◆ Problem requirements
From the entries below, print exactly the span beginning with the line holding "Ngân hàng TMCP" and ending with the line holding "etnische abstracte mooie", endpoints included, and skip any pictures.

◆ Source data
※
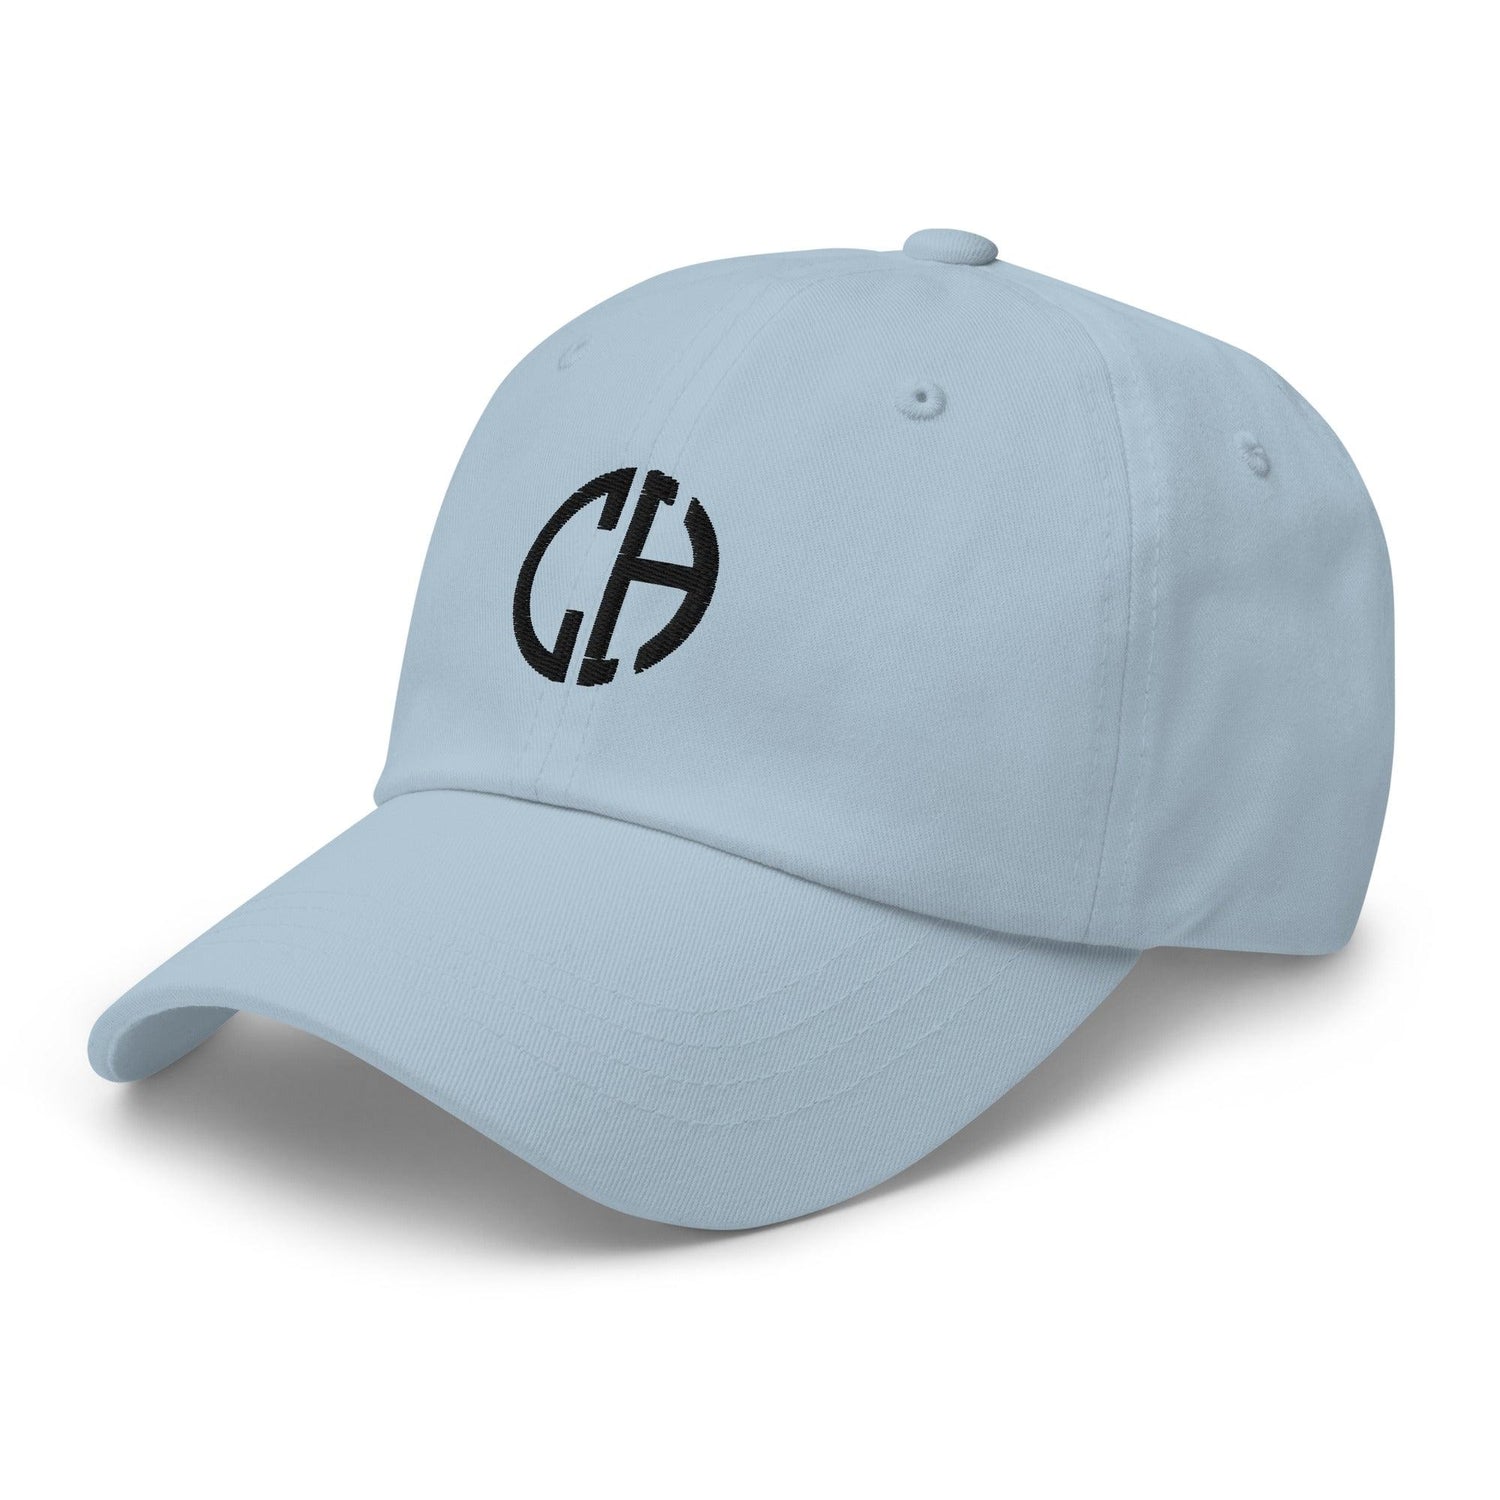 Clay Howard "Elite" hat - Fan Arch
※
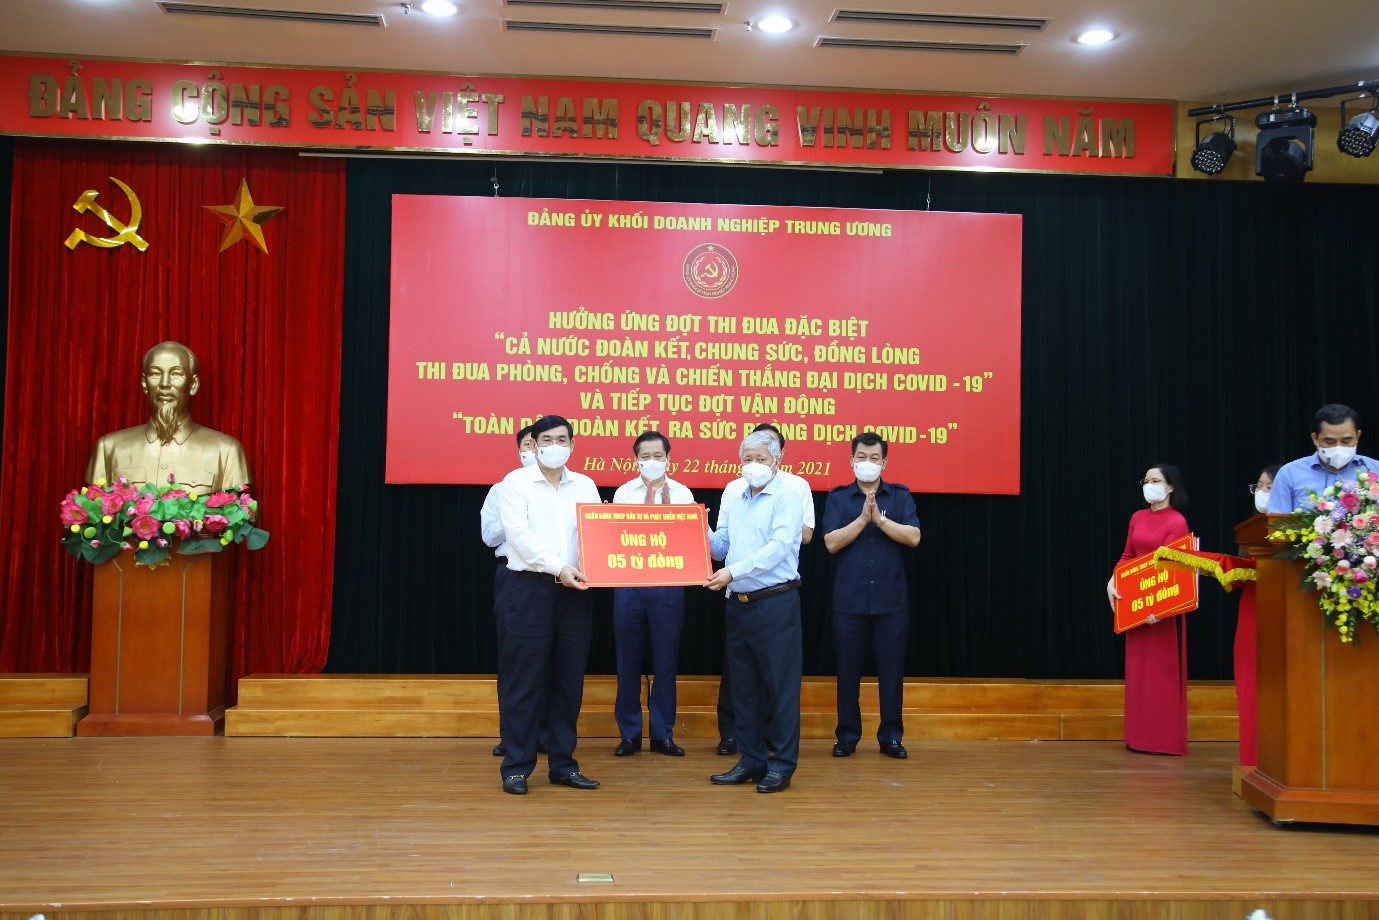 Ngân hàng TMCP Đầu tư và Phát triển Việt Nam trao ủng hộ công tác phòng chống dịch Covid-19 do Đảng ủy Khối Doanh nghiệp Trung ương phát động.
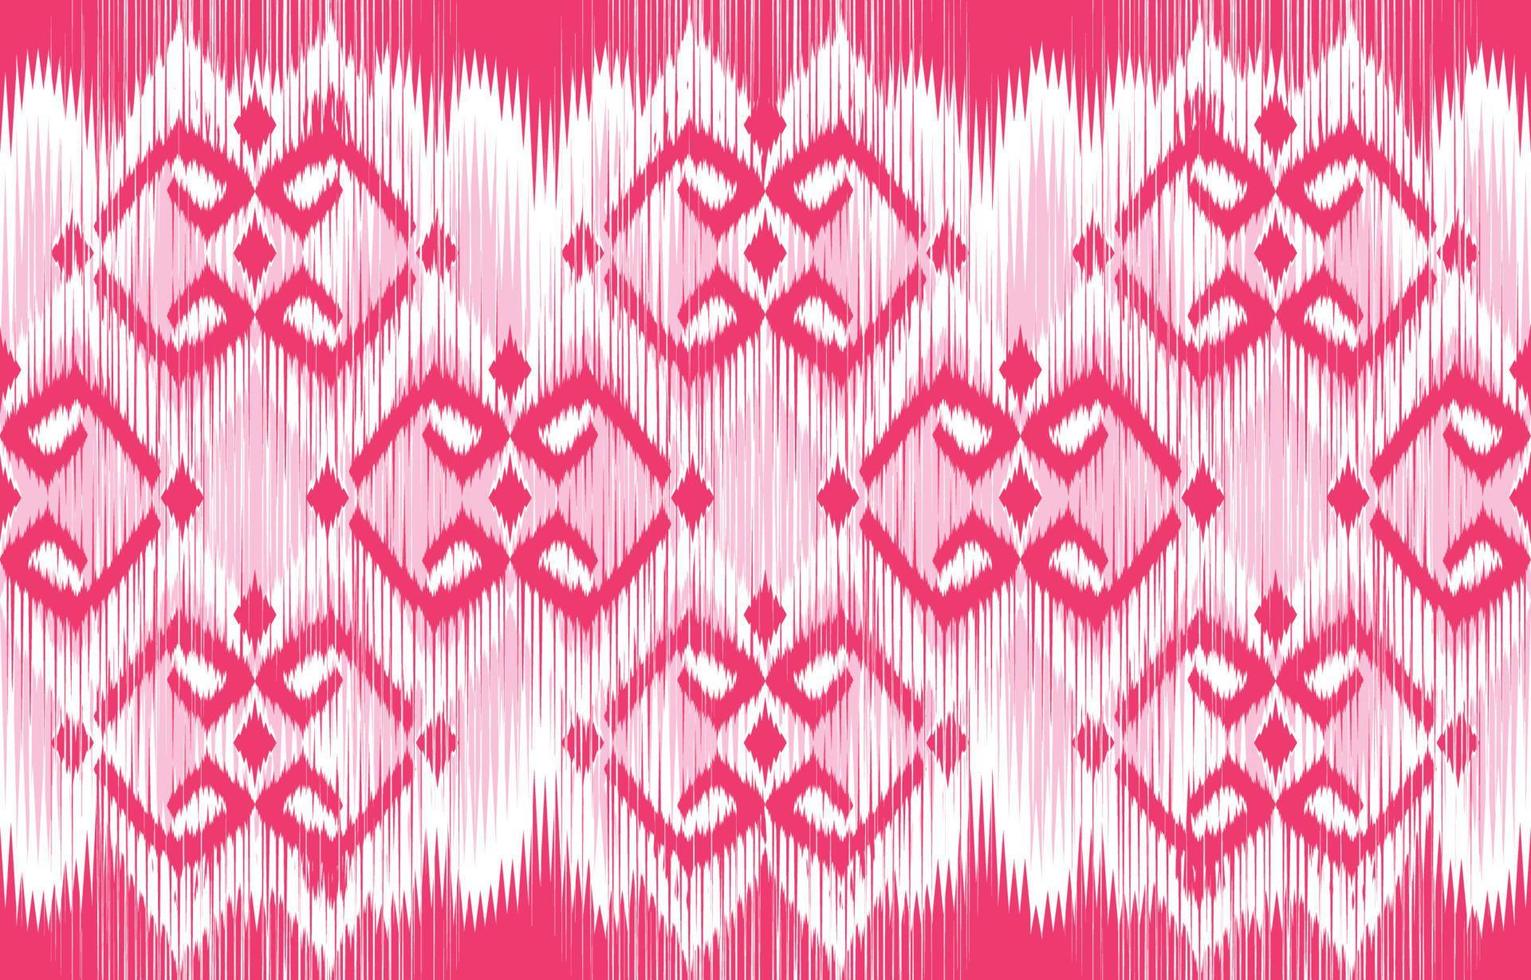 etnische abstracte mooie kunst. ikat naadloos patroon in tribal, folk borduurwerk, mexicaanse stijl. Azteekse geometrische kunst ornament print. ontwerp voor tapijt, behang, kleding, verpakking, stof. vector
※
◆ Solution to the exercise
 Ngân hàng TMCP Đầu tư và Phát triển Việt Nam trao ủng hộ công tác phòng chống dịch Covid-19 do Đảng ủy Khối Doanh nghiệp Trung ương phát động.
 etnische abstracte mooie kunst. ikat naadloos patroon in tribal, folk borduurwerk, mexicaanse stijl. Azteekse geometrische kunst ornament print. ontwerp voor tapijt, behang, kleding, verpakking, stof. vector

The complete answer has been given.